400 Bad Request Generally, this response occurs due to the presence of invalid JSON in the request, or where the request failed to send any JSON payload. The corresponding JSON message will look similar to the following:

{"error":{"message":"Invalid JSON. The body must be in the format {\"query\":\"cat OR kitten\",\"bucket\":\"hour\"}","sent":"2014-07-21T17:33:29+00:00"}}
            
401 Unauthorized HTTP authentication failed due to invalid credentials. Log in to console.gnip.com with your credentials to ensure you are using them correctly with your request. The corresponding JSON message will look similar to the following:

{"error":{"message":"Unauthorized: Couldn't authenticate user/password.","sent":"2014-07-16T17:31:38+00:00"}}
			
404 Not Found The resource was not found at the URL to which the request was sent, likely because an incorrect URL was used.
422 Unprocessable Entity This is returned due to invalid parameters in the query -- e.g. invalid PowerTrack rules. The corresponding JSON message will look similar to one of the following:

{"error":{"message":"Could not accept your count request: no viable alternative at character '&' (at position 1)","sent":"2014-07-21T17:36:51+00:00"}}
            
429 Unknown Code Your app has exceeded the limit on connection requests. The corresponding JSON message will look similar to the following:

{"error":{"message":"Rate limit exceeded","sent":"2014-07-16T18:07:27+00:00"}}
			
502 Proxy Error There was an error on Gnip's side. Retry your request using an exponential backoff pattern.
503 Service Unavailable There was an error on Gnip's side. Retry your request using an exponential backoff pattern.

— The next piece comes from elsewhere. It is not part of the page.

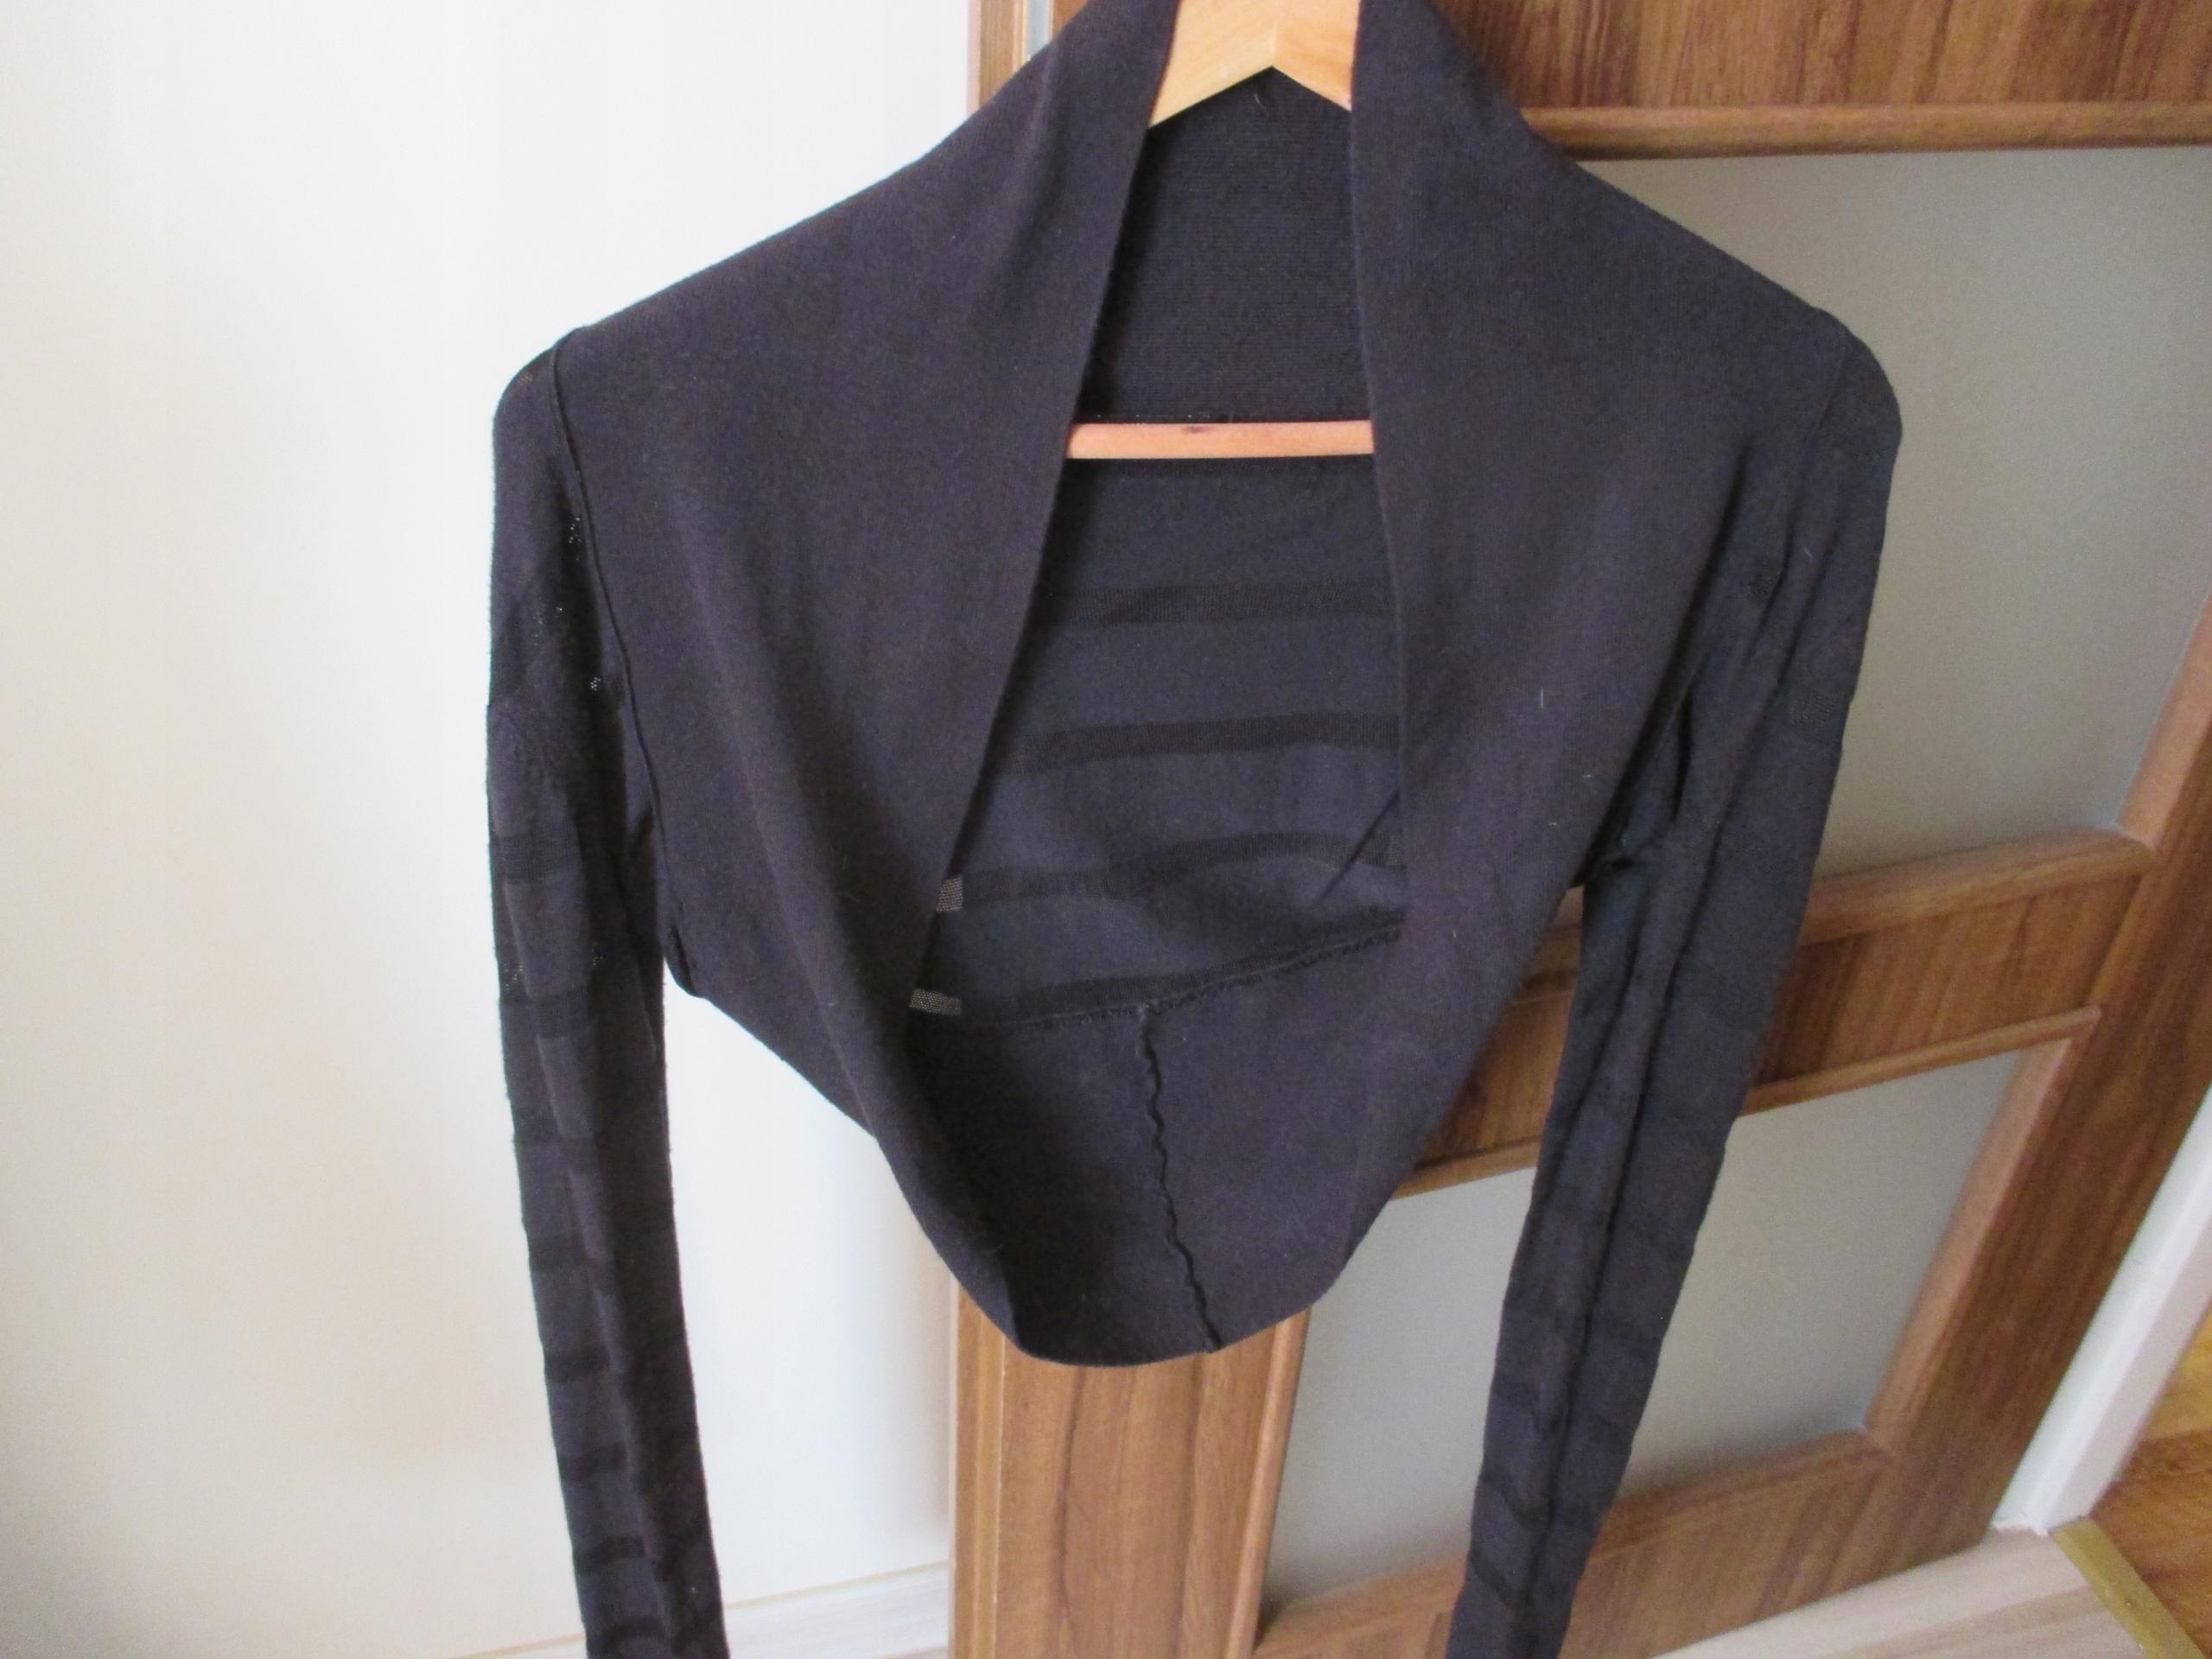 f7fdc2d162 Eleganckie czarne wieczorowe bolerko Jane Norman.M - 7623531725 ...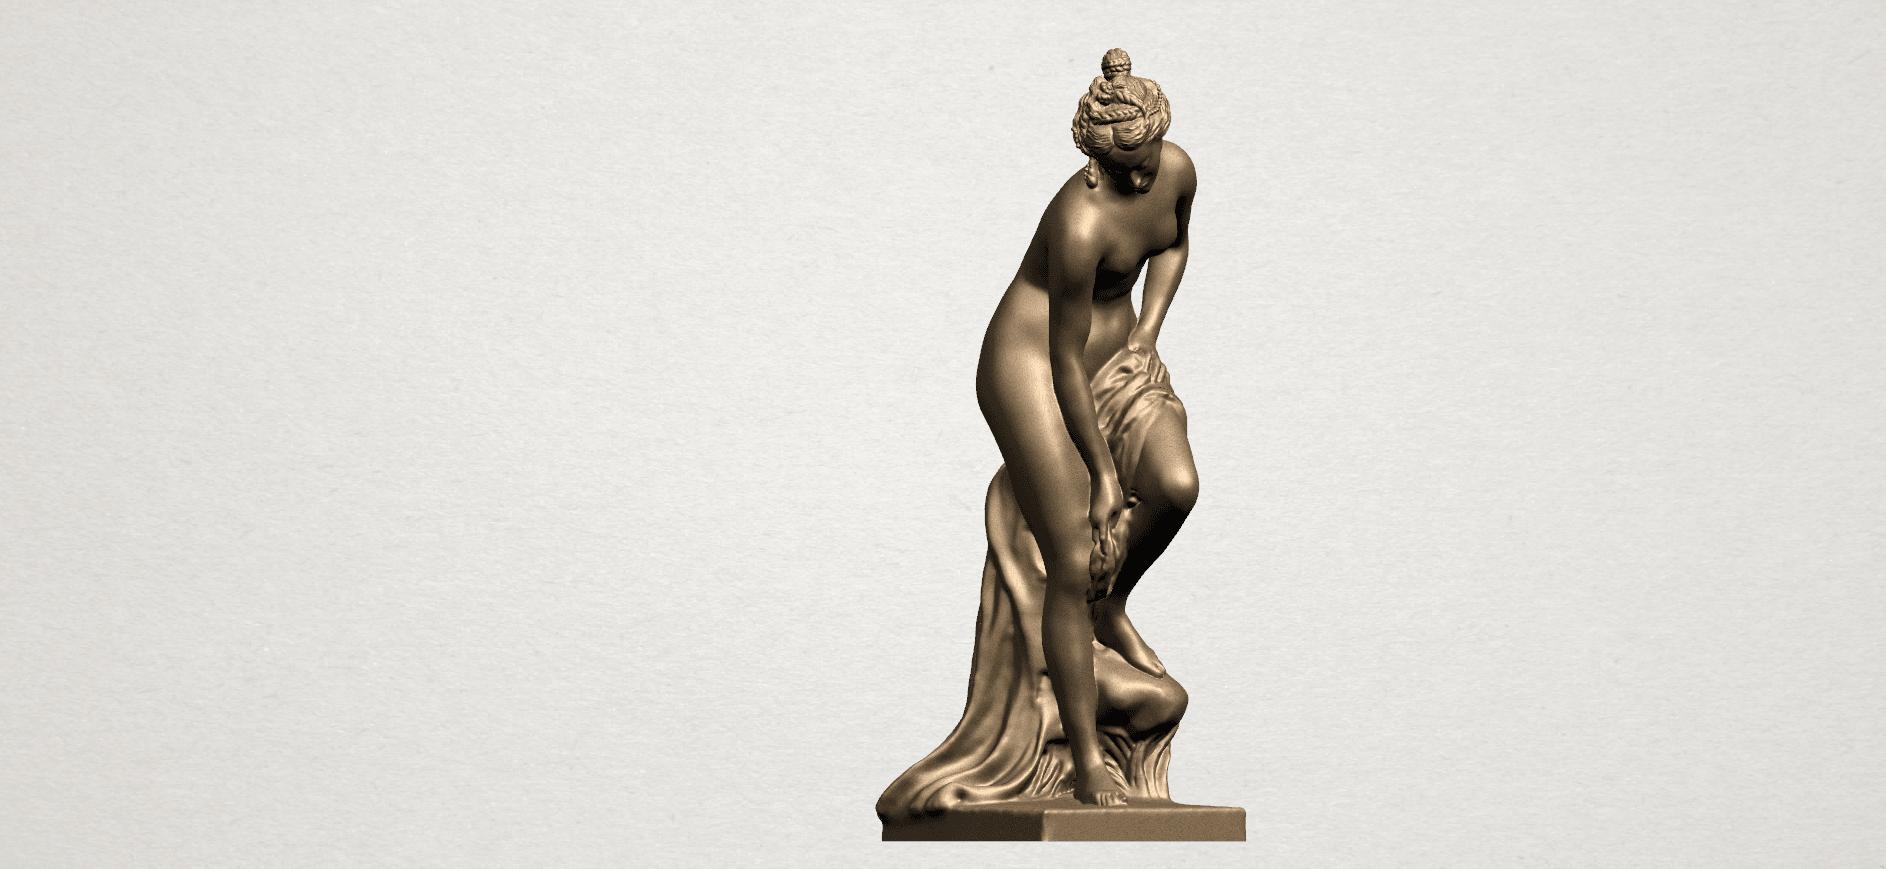 Naked Girl (iv) A07.png Download free STL file Naked Girl 04 • 3D print design, GeorgesNikkei

Note: For Counts requests only, this error may occur for very high-volume queries (e.g. "twitter") that attempt to return counts from the full 30-day time period of the index. In this scenario, before retrying, your app should break your request into multiple requests for smaller time segments. This scenario applies ONLY to Counts requests -- not requests to return Tweets.